Claro que si, said the mozo. He leaned and put the flat of his hand on the horse's neck and then nodded and turned and climbed aboard the burro and rode out down the paseo without looking back.

IT WAS ALMOST DARK when he left. The Munoz woman tried to have him wait until morning but he would not. The doctor had arrived in the late afternoon and he had left the dressings for the woman and a package of epsom salts and the woman had fixed Boyd a tea made from manzanilla and Arnica and the root of the golondrina bush. She'd put up provisions for Billy in an old canvas moral and he slung it over the horn of the saddle and mounted up and turned the horse and looked down at her.

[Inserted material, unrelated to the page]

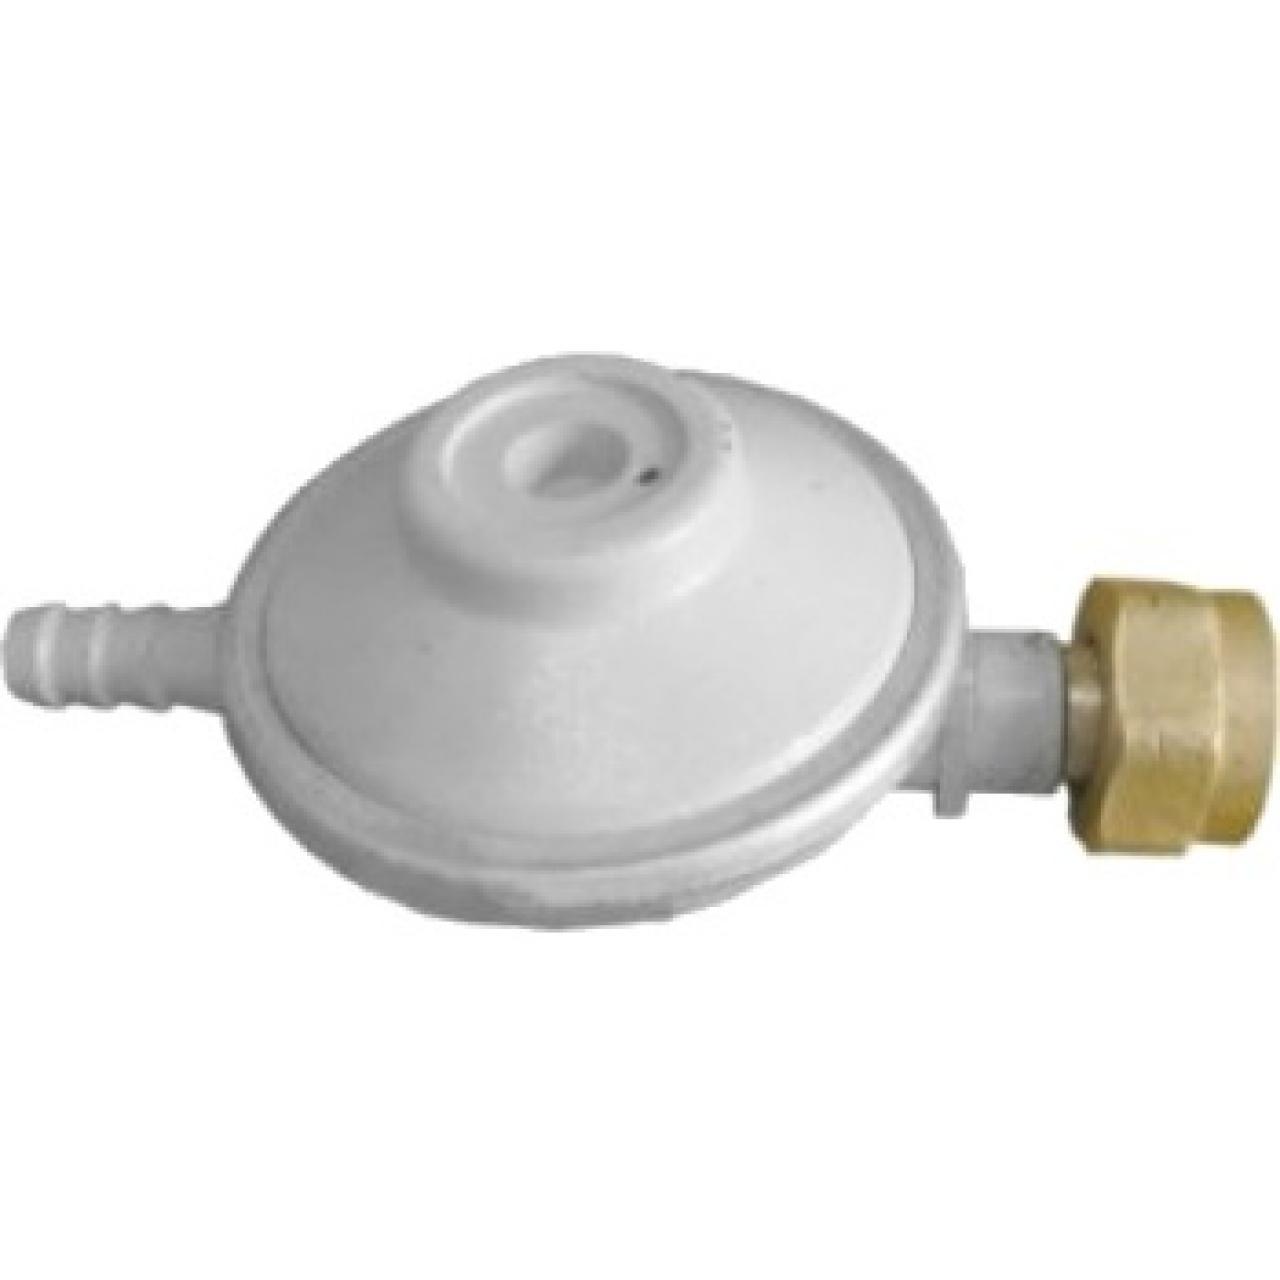 регулятор давления газа 1 1

Donde esta la pistola? he said.

She said that it was under the pillow beneath his brother's head. He nodded. He looked out down the road toward the bridge and the river and he looked at her again. He asked her if any men had been to the ejido.

Si, she said. Dos veces.

He nodded again. Es peligroso para ustedes.

She shrugged. She said that life was dangerous. She said that for a man of the people there was no choice.

He smiled. Mi hermano es hombre de la gente?

Si, she said. Claro.

He rode south along the road through the riverside cottonwoods, riding through the town of Mata Ortiz and riding the moon up out of the west to its cool meridian before he turned off and put up for the remainder of the night in a grove of trees he'd skylighted from the road. He rolled himself in his serape and hung his hat over the tops of his standing boots and did not wake till daylight.

He rode all day the day following. Few cars passed and he saw no riders. In the evening the truck that had carried his brother to San Diego came lumbering down the road from the north in a slow uncoiling of road dust and ground to a stop. The workers on the bed of the truck waved and called out to him and he rode up and pushed his hat back on his head and held up his hand to them. They gathered along the edge of the truckbed and held out their hands and he leaned from the horse and shook hands with them every man. They said that it was dangerous for him to be on the road. They did not ask about Boyd and when he began to tell them they waved away his words for they had been to see him that very day. They said that he had eaten and that he'd drunk a small glass of pulque for the vigor in it and that all signs were of the most affirmative nature. They said that only the hand of the Virgin could have sustained him through such a terrible wound. Herida tan grave, they said. Tan horrible. Herida tan fea.

They spoke of his brother lying with the pistol under his pillow and spoke in a high whisper. Tan joven, they said. Tan valiente. Y peligroso por todo eso. Como el ogre herido en su cueva.

Billy looked at them. He looked out across the cooling country to the west, the long bands of shadow. Doves were calling from the acacias. The workers believed that his brother had killed the manco in a gunfight in the streets of Boquilla y Anexas. That the manco had fired upon him without provocation and what folly for the manco who had not reckoned upon the great heart of the guerito. They pressed him for details. How the guerito had risen from his blood in the dust to draw his pistol and shoot the manco dead from his horse. They addressed Billy with great reverenceand they asked him how it was that he and his brother had set out upon their path of justice.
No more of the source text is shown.